Lo perdí de vista tantas semanas y ahora...¡Ah, como me lo esperaba yo! Si algo sucedía, algo malo tendría que ser.¡ Él, sangre pútrida, él estaba allí, en mi puesto, nombrado el mismo día de mi despido!
* * *
Estuve aguardándolo pacientemente, pero cuando lo vi toda la furia me poseyó. Se me hincharon los belfos, me fui al suelo y mis cuatro patas me dispararon hacia él, que ya, advertido rápidamente, en sus cuatro patas también, con un leve aullido de miedo, mostraba, por instinto de defensa, los dientes. Me abalancé sobre su cabeza mordiéndolo con implacable rabia, echando espuma por la boca, tratando de hincarle los dientes en el cuello, que él defendía desesperado con las patas delanteras.
Un barrendero, a instancias de una mujer que gritaba espantada, nos separó a escobazos.
* * *
Nada de esto, sin embargo, concede la razón a Magissi.
Mariposas de Koch
Dicen que escupo sangre, y que pronto moriré. ¡No! ¡No! Son mariposas, mariposas rojas. Veréis.
Yo veía a mi burro mascar margaritas y se me antojaba que esa placidez de vida, esa serenidad de espíritu que le rebasaba los ojos era obra de las cándidas flores.
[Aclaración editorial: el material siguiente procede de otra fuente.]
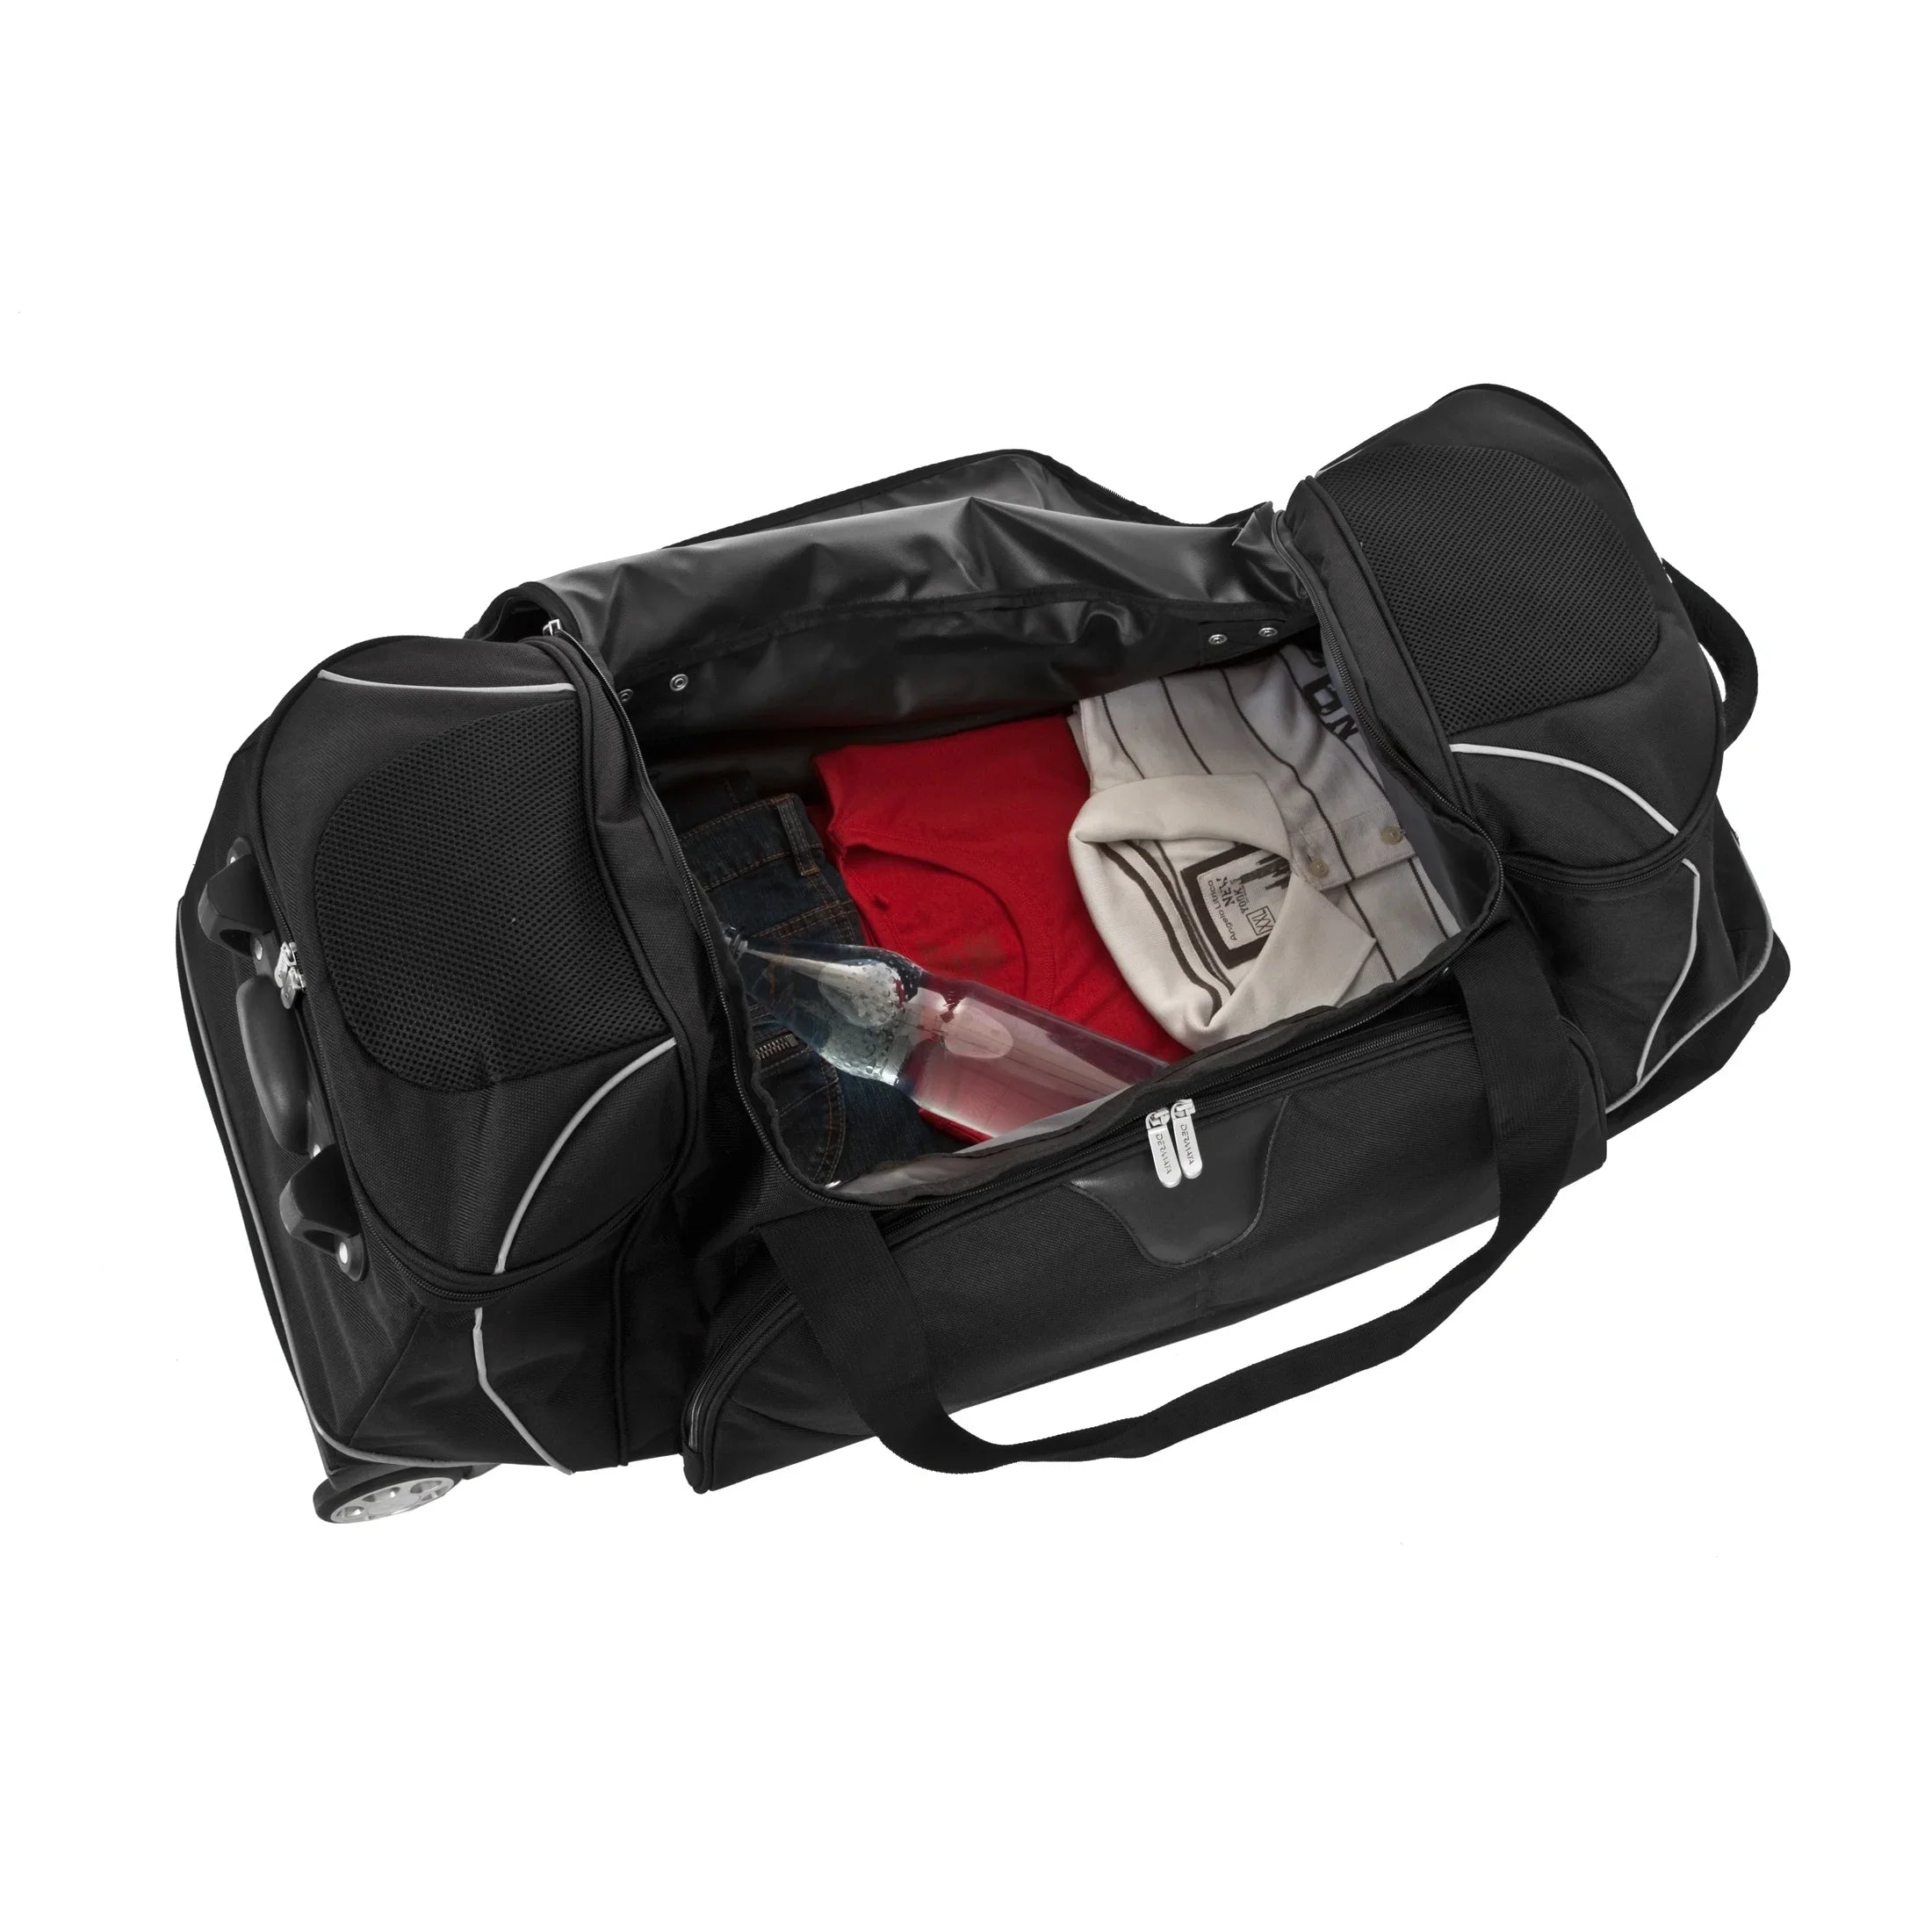 Dermata Reise Rollenreisetasche mit Rucksackfunktion 96 cm - grau

Un día quise comer, como él, una margarita. Tendí la mano y en ese momento se posó en la flor una mariposa tan blanca como ella. Me dije: ¿por qué no también?, y la llevé a los labios. Es preferible, puedo decirlo, verlas en el aire. Tienen un sabor que es tanto de aceite como de hierbas rumiadas. Tal, por lo menos, era el gusto de esa mariposa.
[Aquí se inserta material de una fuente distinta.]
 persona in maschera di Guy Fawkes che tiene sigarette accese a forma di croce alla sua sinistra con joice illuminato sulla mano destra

La segunda me dejó sólo un cosquilleo insípido en la garganta, pues se introdujo ella misma, en un vuelo, presumí yo, suicida, en pos de los restos de la amada, la deglutida por mí. La tercera, como la segunda (el segundo, debiera decir, creo yo), aprovechó mi boca abierta, no ya por el sueño de la siesta sobre el pasto, sino por mi modo un tanto estúpido de contemplar el trabajo de las hormigas, las cuales, por fortuna, no vuelan, y las que lo hacen no vuelan alto.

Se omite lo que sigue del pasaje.